The ceremony is held either on the same day as the farah, or several
months beforehand. As for the farah, unlike the past when it was usually
held in the bride's residence, the middle- and upper-class in
As we can witness from the Egyptian films and
television programs, weddings in
These typical western style weddings began to
gain popularity during the earlier processes of modernization and
westernization since several decades ago. The influence of easy Internet access
and of foreign films and magazines, as well as other globalized communicative
mechanisms obviously have had a significant impact on
In order to properly and thoroughly investigate the changing patterns of wedding in Cairo due to modernization, I have categorized the marriage patterns into those of two generations: those of the parents who were married before infitah, Egypt's Open Door policy under which more westernized and globalized thinking started to flourish in the 1970s; those of their children who are currently of marriageable age or recently married. Also, I have divided the typical Egyptian wedding ceremony into Katb al-Kitab (registration of marriage), preparation of the Farah, and the Farah.
3.1.2 Katb al-kitab (Registration of marriage)

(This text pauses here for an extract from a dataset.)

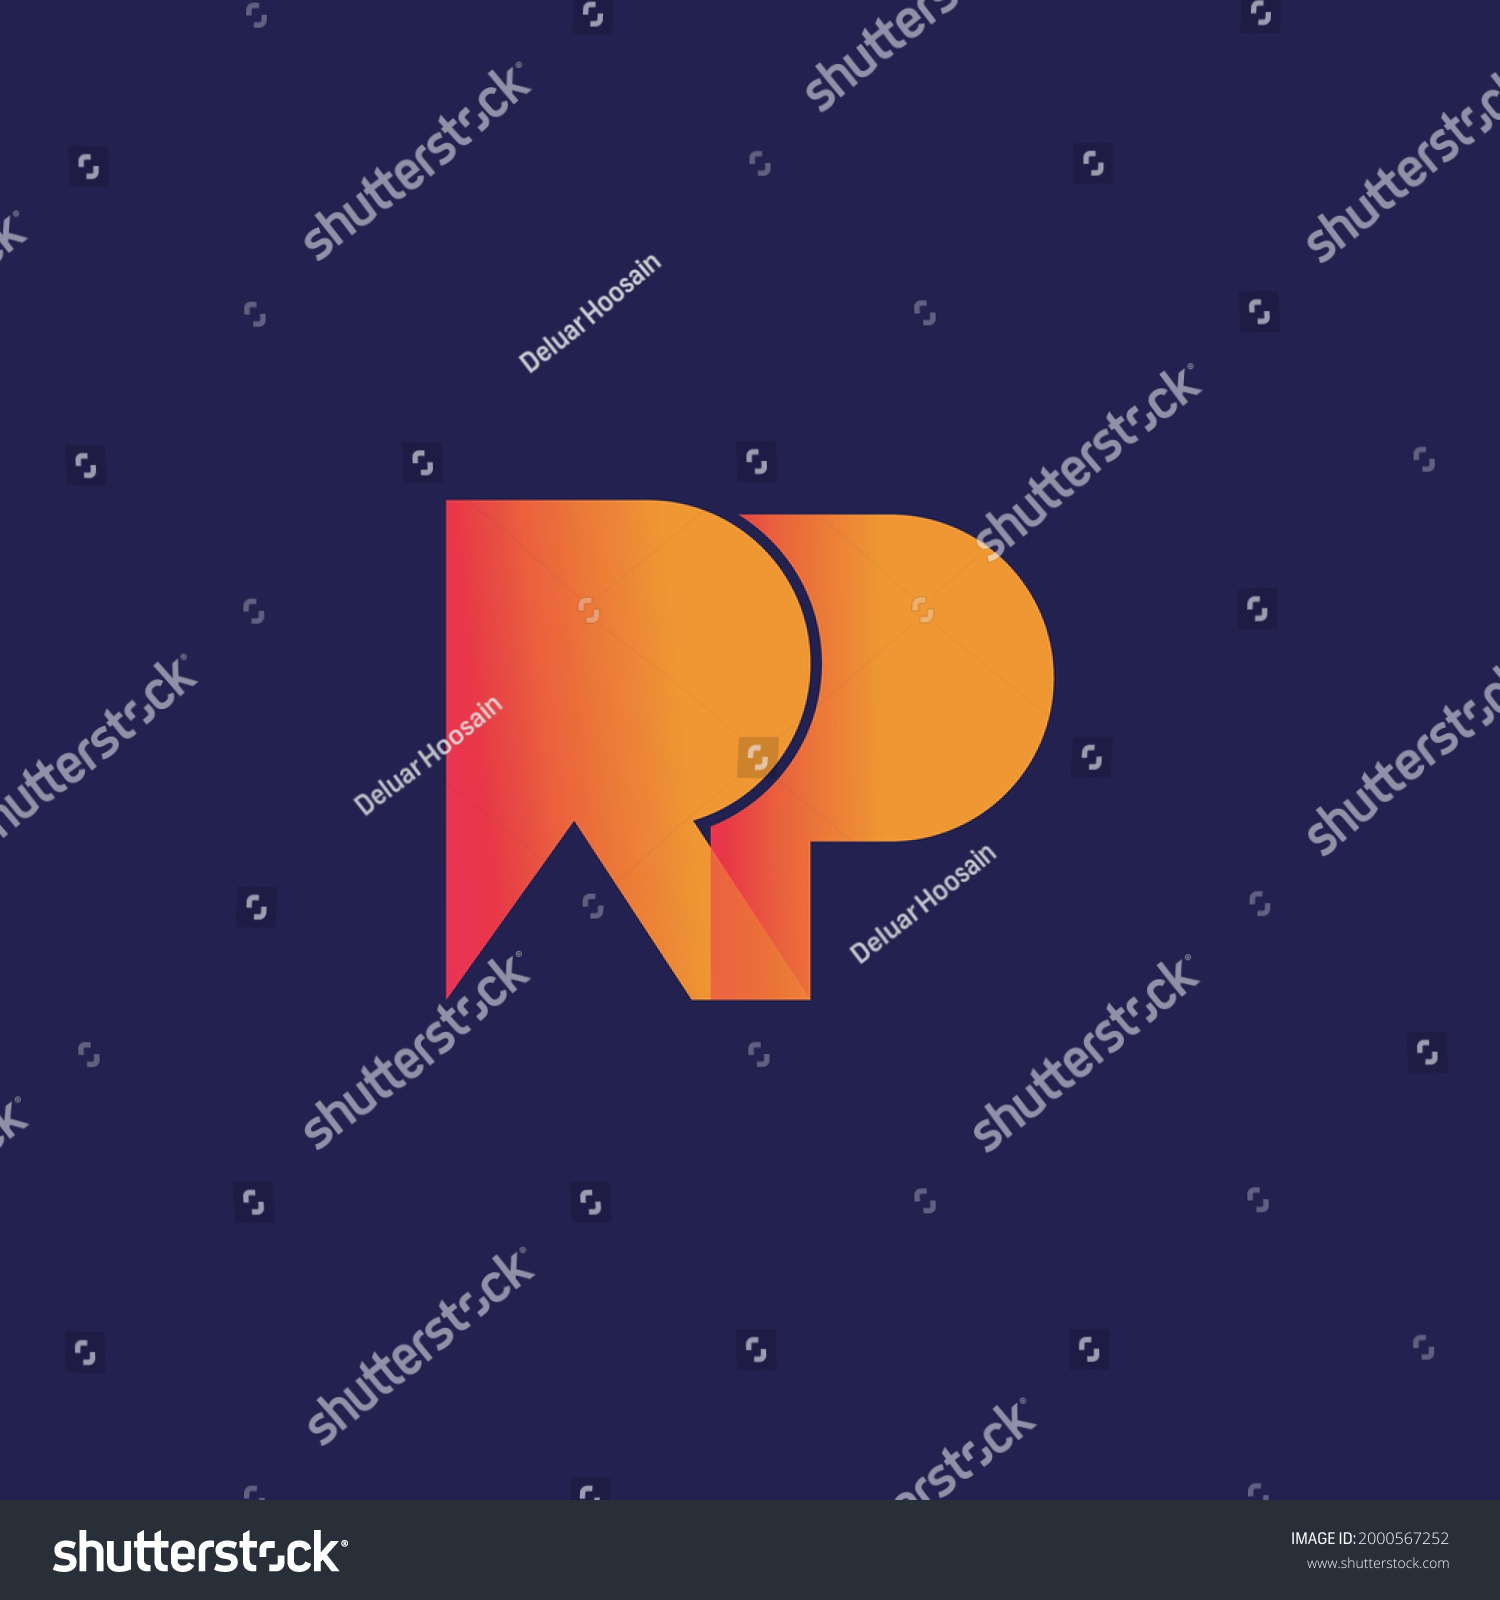 SVG of RP modern colorful original logo design with full copyright svg

In the past, katb al-kitab, the formal and official registration of marriage, took place in the home of the bride's parents and was mediated by a maudhun. It is also called 'aqd al-nikah (knotting of the marriage) in the sense that the registration procedure binds the two families together. Once the contract is signed in this ritual, the couple are announced as being legally husband and wife. However, they do not live together until they have had the farah. Today, the katb al-kitab is typically held in the mosque or clubs rather than in the home of the bride's parents. Otherwise, the current katb al-kitab remains more or less the same as the one carried out almost two centuries ago.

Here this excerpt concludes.